While this occurs, some ink will drain from the print head 30 into the basin 106. The vacuum source 156 draws air through valve 144 and conduit 142 to generate a partial vacuum in the containment vessel 132. This suction will draw ink from the basin 106 through valve 120 into the vessel. As long as the ink quantity received is less than the vessel's capacity, the vacuum will not draw fluid from the vessel. The high level of the vacuum aperture 135 and low terminus of conduit 26 in the vessel ensures that ink will not splash into the vacuum conduit 142.

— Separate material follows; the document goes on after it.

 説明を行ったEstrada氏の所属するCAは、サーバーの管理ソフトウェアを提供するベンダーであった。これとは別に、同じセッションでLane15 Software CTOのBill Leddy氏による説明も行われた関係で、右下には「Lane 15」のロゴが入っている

After the pen is largely drained of ink, the pen is rinsed by switching valve 36 to connect the pressurized water supply 20 to conduit 48, thereby injecting rinse fluid into the pen through the probe orifice 90 while draining waste fluid collected at apertures 74 to the waste receptacle 102. As the boot drain remains connected to vacuum, some rinse fluid may expelled by the print head and collected in the basin 106. When rinsing is complete, valve 36 is switched back to pressurized air to displace the remaining rinse fluid from the pen.
After the rinse fluid is largely drained, the pen is pressurized by switching valve 82 to vent, thereby closing inlet to prevent air from escaping the pen via the probe. This forces any additional fluid in the pen out of the print head orifices to be collected by the vacuum at the boot. Switching the valve 82 to vent allows any remaining fluid in conduit 100 to drain into the waste receptacle 102.

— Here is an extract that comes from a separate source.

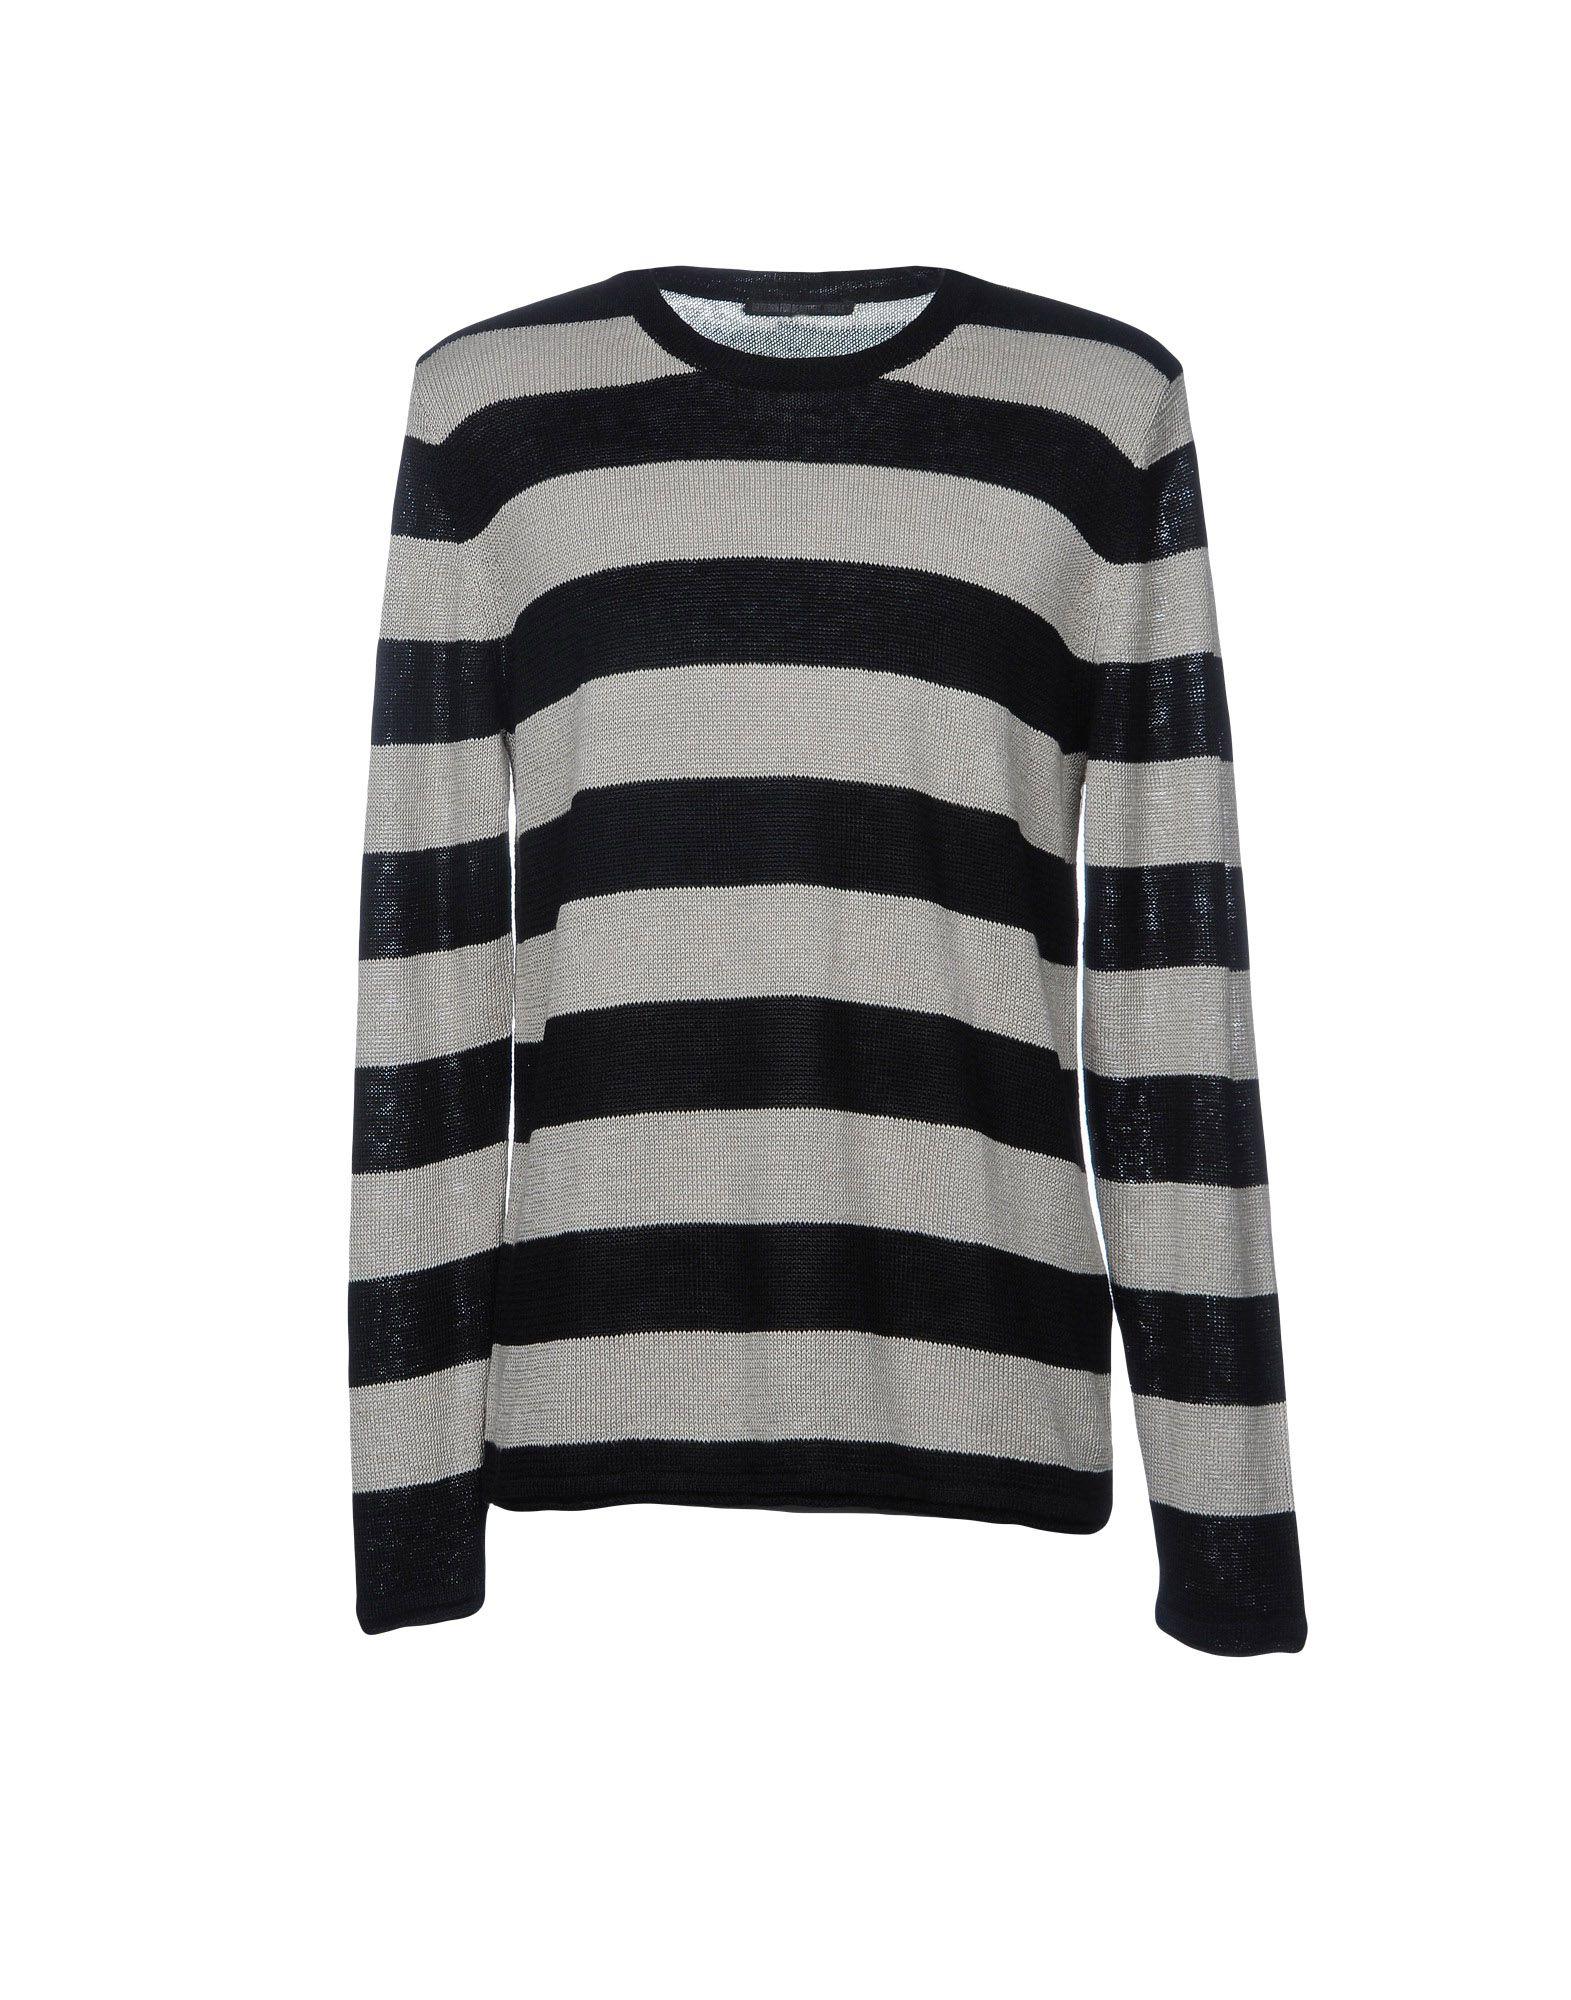 DRYKORN Свитер мужской свитер в полоску 52

Then, the emptied and rinsed pen may be removed from the apparatus for inspection, particularly to determine the presence and nature of any orifice-clogging contaminants accumulated at the interior of the print head. The apparatus is then readied for subsequent use by emptying the contents of the containment vessel 132 to the waste receptacle. To do so, valve 82 remains switched to vent to avoid back pressure build up in the waste receptacle, valve 120 is closed to prevent any flow toward the boot from the containment vessel 132, and valve 144 is switched to supply the containment vessel with pressurized air from the air supply 152. This creates sufficient air pressure on top of the fluid in the vessel to force the fluid down through drain 134, past check valve 140, and into the waste receptacle. The valves are then reset to the original quiescent state for servicing of the next pen.

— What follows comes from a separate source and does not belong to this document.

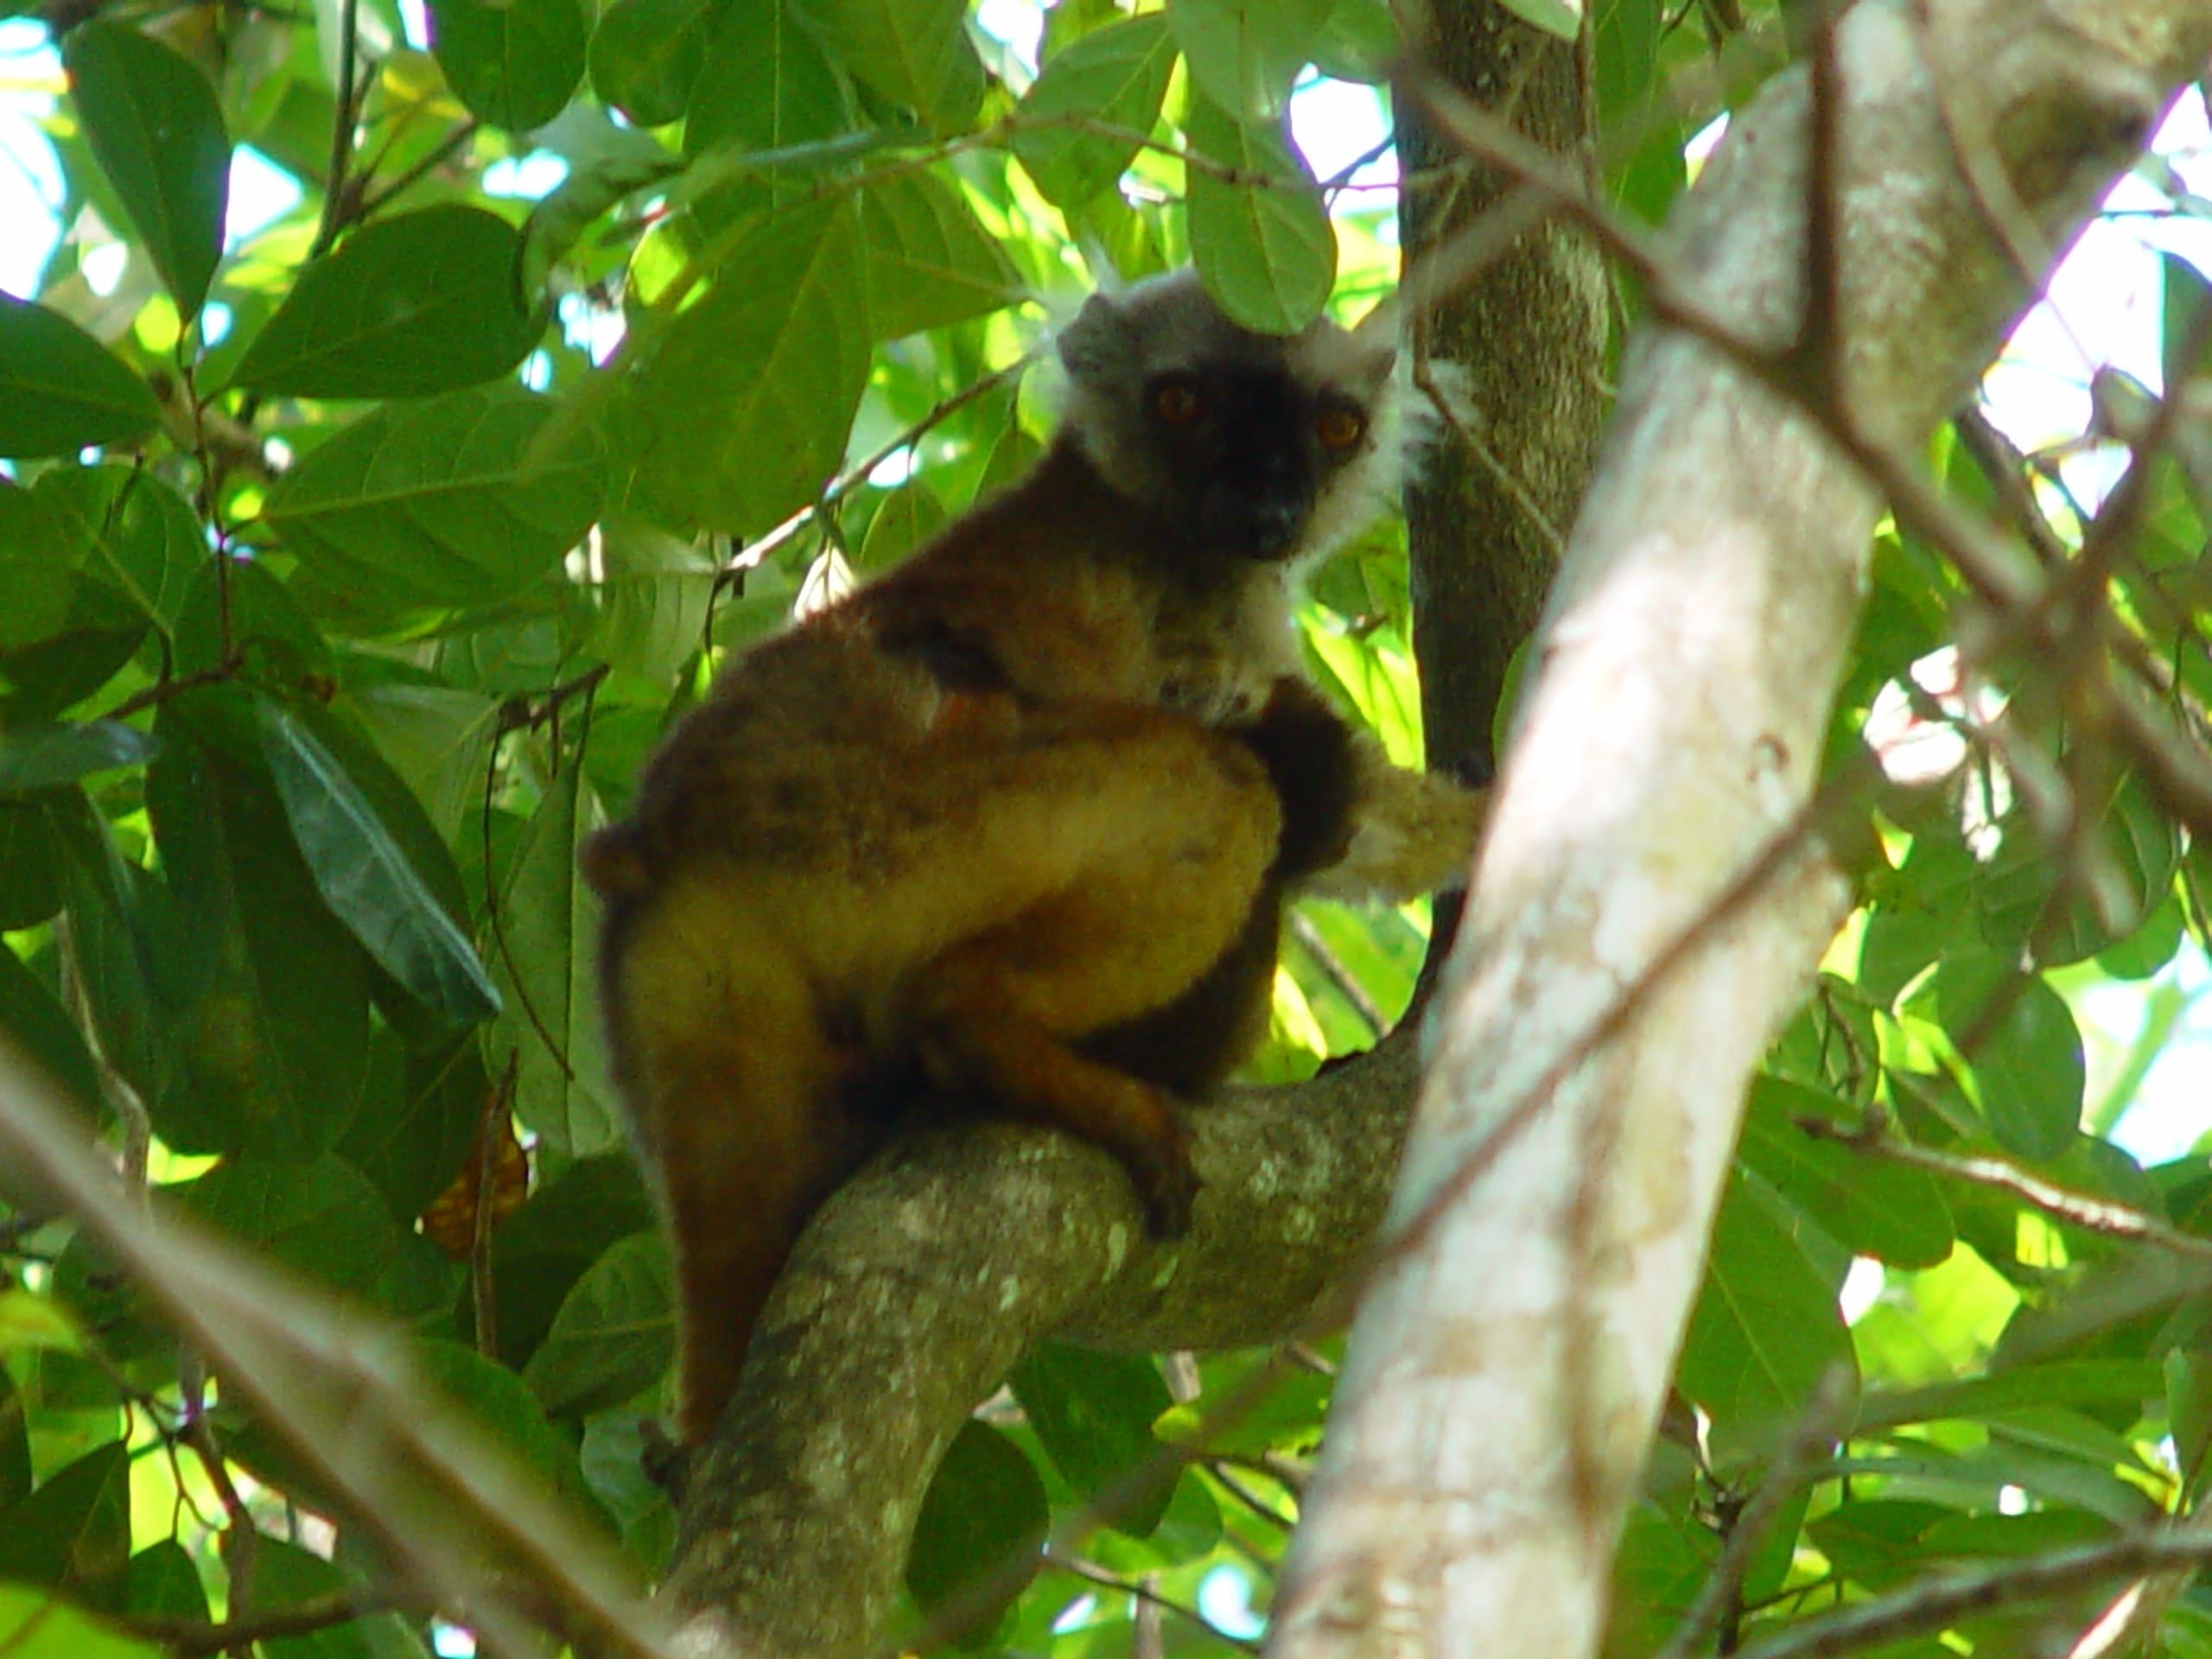 Lokobe National Park

The apparatus and method described may be used other than for pen cleaning for failure analysis. For instance, the apparatus may be used to prepare suitable pens for refilling with ink by draining the old ink and rising the reservoir, so that new ink may be injected in a subsequent operation. While the apparatus and method are described in terms of a preferred embodiment, the following claims are not intended to be so limited.